Populist libertarian wins Argentine primary election, poised to win presidency

A libertarian presidential candidate in Argentina with the La Libertad Avanza party secured the top spot in the primary election. Javier Milei raked in 30 percent of the general vote, making him the top candidate going into the next phase of the campaign cycle.

"We have not only managed to establish ourselves individually, today we are the most-voted political force because we are the real opposition, the ones who want real change," Milei said from Buenos Aires. "A different Argentina is impossible with the same old people, with the same people who have been failing for over a hundred years."

He ended his victory speech with his campaign motto, "viva la libertad, carajo," which translates to "long live freedom, damn it!" The crowd reportedly went wild.

Milei has stated plans to shrink the size of government, eliminate the central bank, and bring in the US dollar. After markets opened on Monday, the Central Bank of Argentina devalued the national peso by 22 percent, meaning that one US dollar is equivalent to $350 pesos, per the Buenos Aires Herald.

An official with the Central Bank claimed that the devaluation is a "faculty" of the administration, while criticisms mounted that it was a "direct request from the International Monetary Fund." Argentina's market analysts cautioned that a Milei victory could spell economic disaster for the already struggling nation.

JPMorgan projected “mounting pressure on the exchange rate, resulting in a widening gap between the parallel and official exchange rate,” per analyst Diego Pereira at CNBC.
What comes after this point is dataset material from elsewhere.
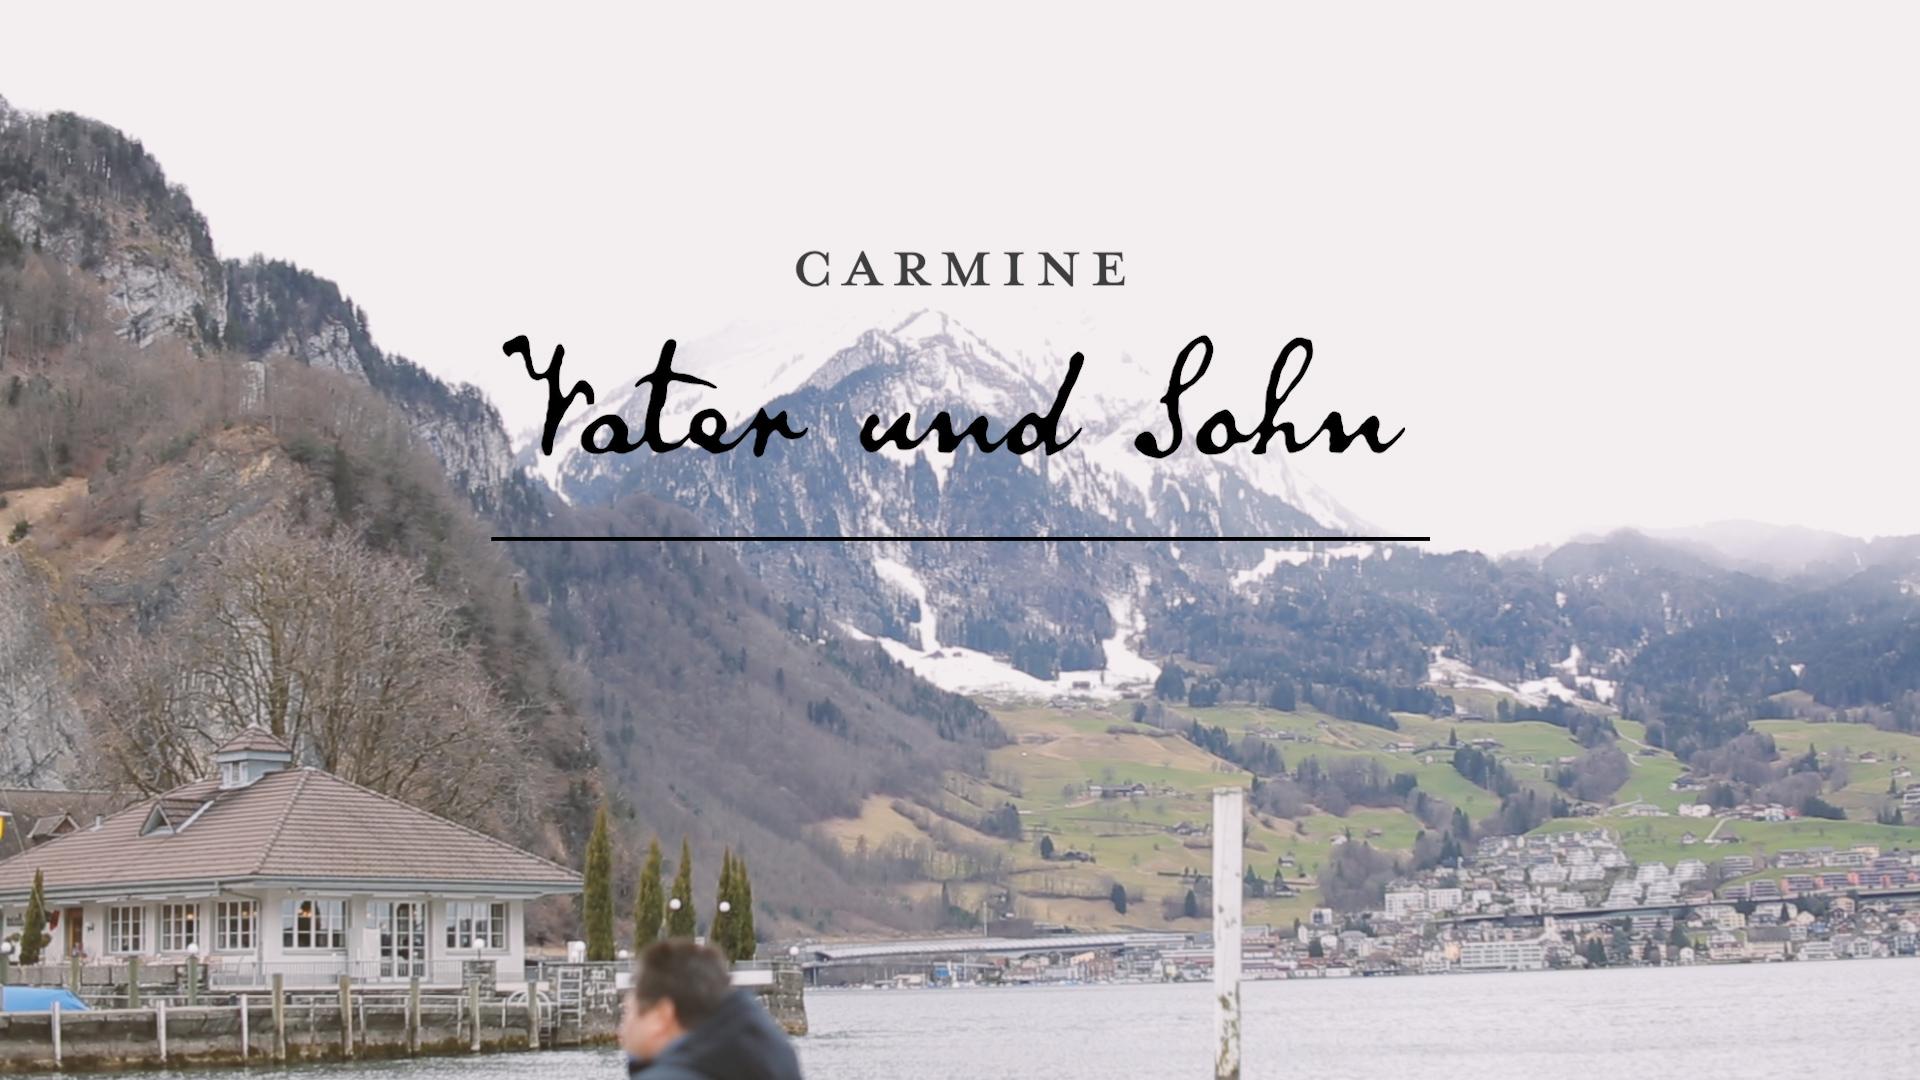 Dorf in den Bergen, See als Titelbild für Zeugnis Carmine - Vater und Sohn

The New York Times reported that the incumbent center-left party, which has held power in the country for 16 of the past 20 years, has largely been controlled by former President Cristina Fernandez de Kirchner.
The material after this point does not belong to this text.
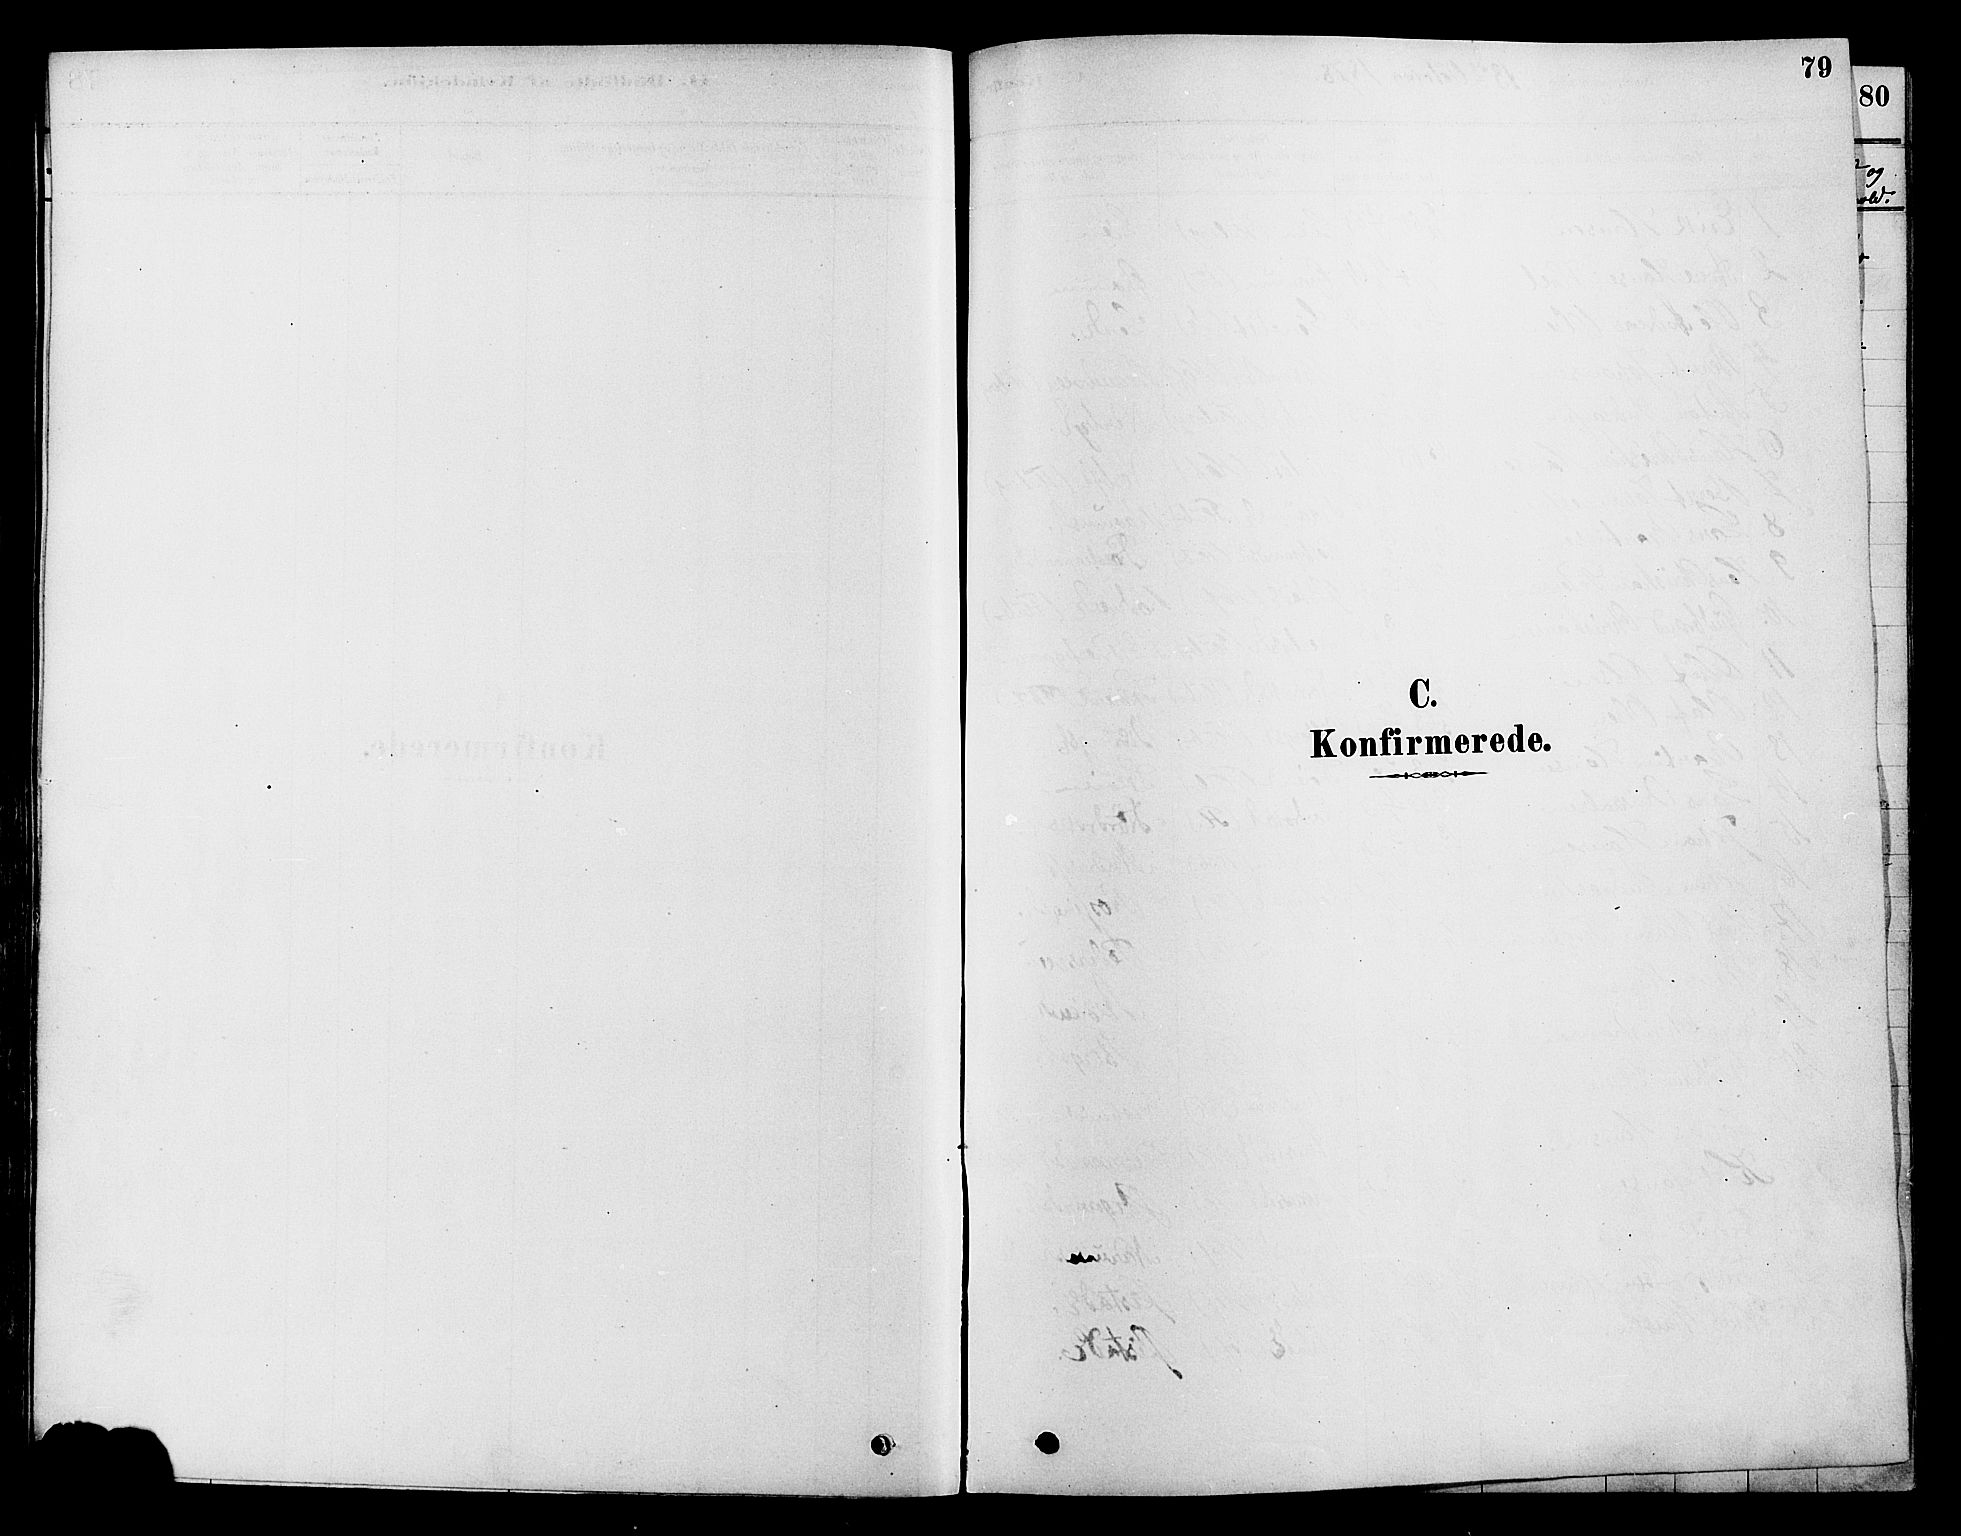 SAH, Søndre Land prestekontor, K/L0002: Ministerialbok nr. 2, 1878-1894, s. 79

Milei said: "We're not only going to end Kirchnerism, but we're also going to end the useless, parasitic, criminal political caste that is sinking this country."

The report noted that Milei may make major changes to Argentina, a country that has seen the influence of more liberal policies over the past few decades. His running mate, a lawyer who has previously defended the country's past military dictatorship, has suggested that they would relax gun laws, and reverse policies allowing abortion. Speaking against the state of organ donation in the country, where many die while on a lengthy wait list, Milei said that bodies are possessions belonging to individuals.

"If liberalism is the unrestricted respect for the life of others, based on the principle of non-aggression and in defense of the right to life, freedom and property; and my first property is my body, then why shouldn’t I be able to do what I want with my body?" he said.

Political consultant Pablo Touzon said Milei does not have the institutional support that other right-leaning candidates have had over the years. He said: "Bolsonaro leaned on the army. Trump had the Republicans. Milei has nothing." He went on to say that Milei's economic plan has "changed 50 times," adding that "today, he does not have a team to govern Argentina."